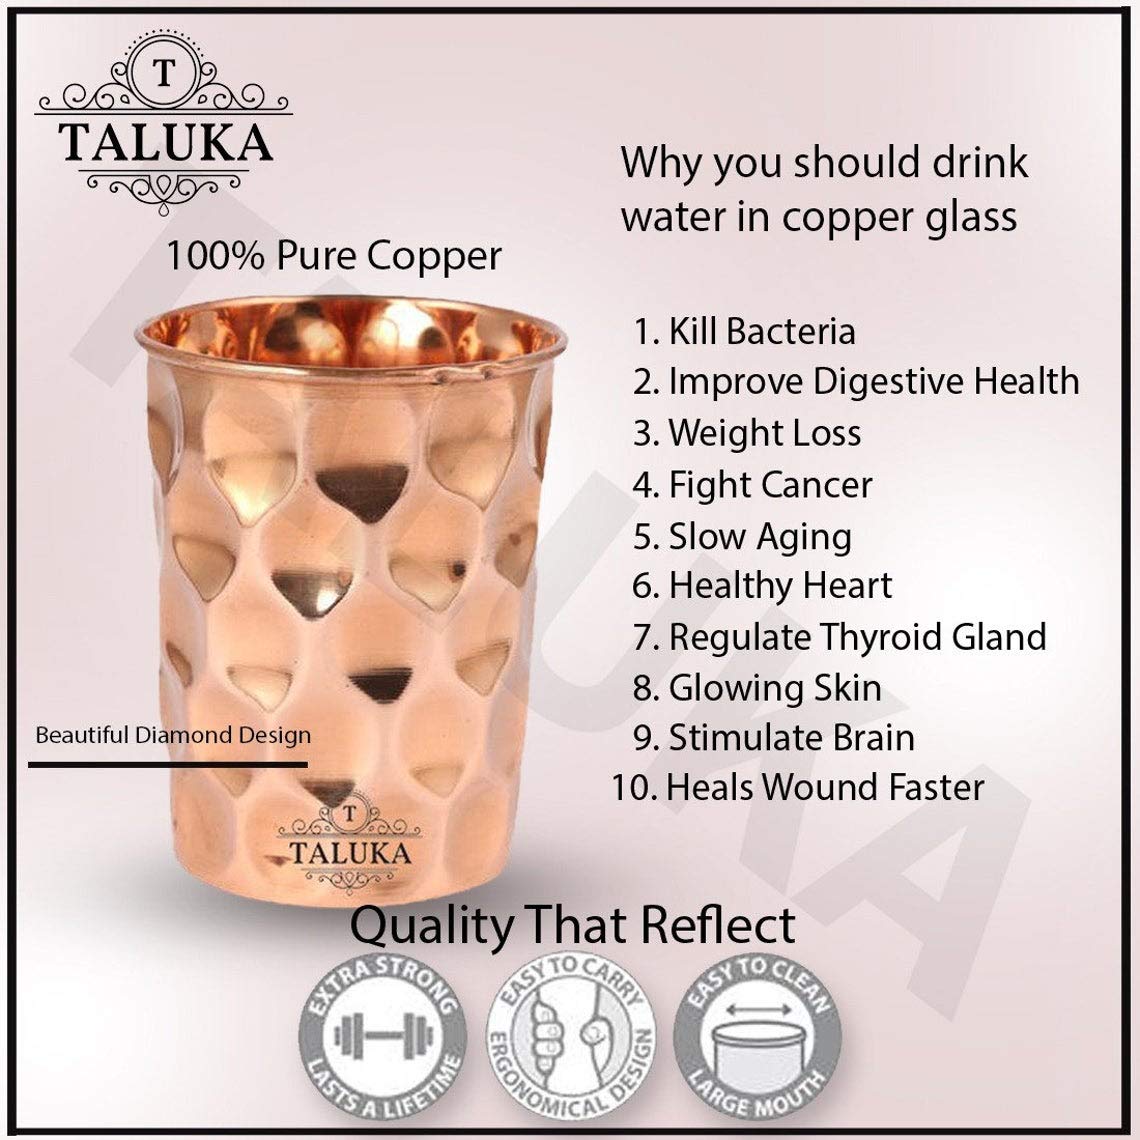 Taluka Copper Diamond Design Set of Jug 1500 ML with 2 Glass, Copper Drinkware Gift Set, Use Hotel Home Restaurant
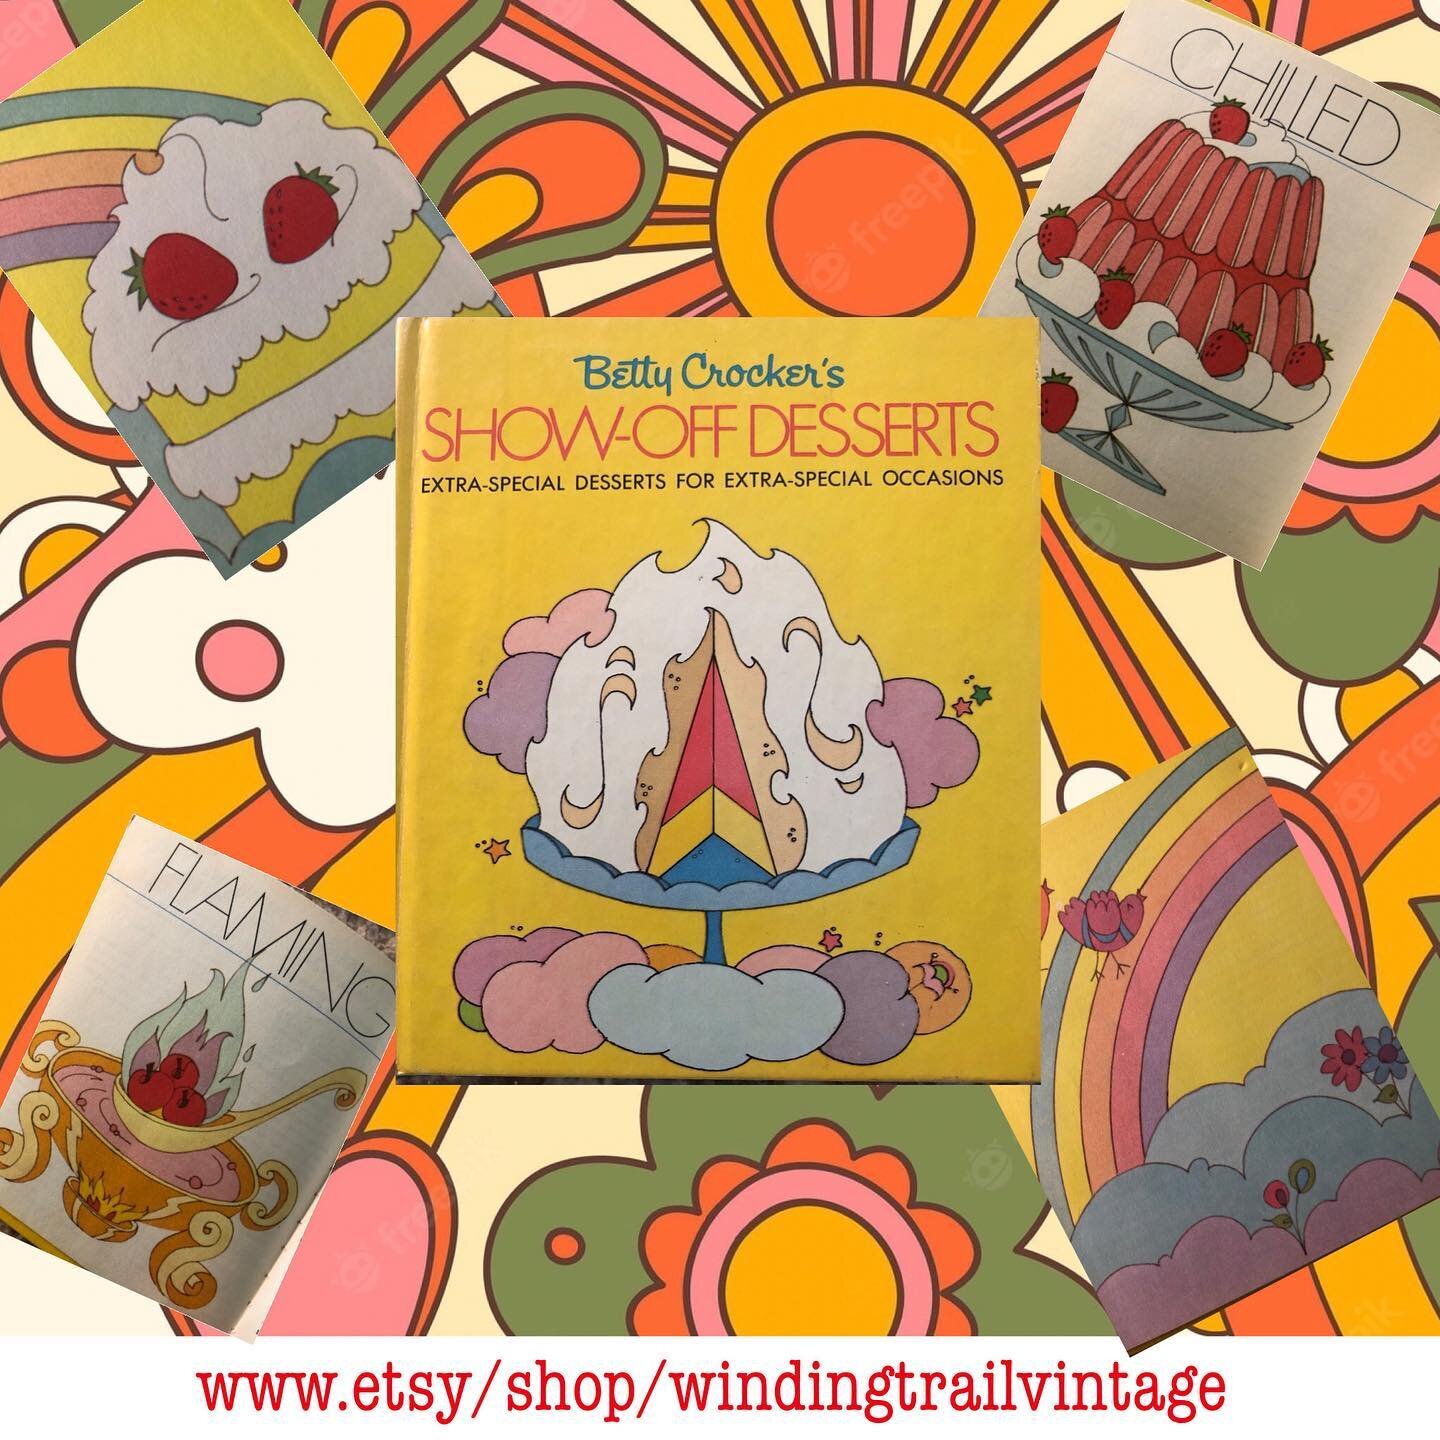 Groovy graphics and tasty treats, this book has it all! 
#1970s, #1970sRecipes, #1970sgroovy #vintagerecipe #VintageRecipes #VintageRecipeBooks #RetroRecipes #FoodPorn #BettyCrocker #BettyCrockerRecipeBook #Cooking#BakedAlaska#Desserts #DessertsOfIns
• • • • • • •
Exercise directions: Print the data above from its first line through the line that has "Groovy graphics and", exactly and with nothing else, omitting pictures.

Problem solution:
 Taluka Copper Diamond Design Set of Jug 1500 ML with 2 Glass, Copper Drinkware Gift Set, Use Hotel Home Restaurant
 Groovy graphics and tasty treats, this book has it all! 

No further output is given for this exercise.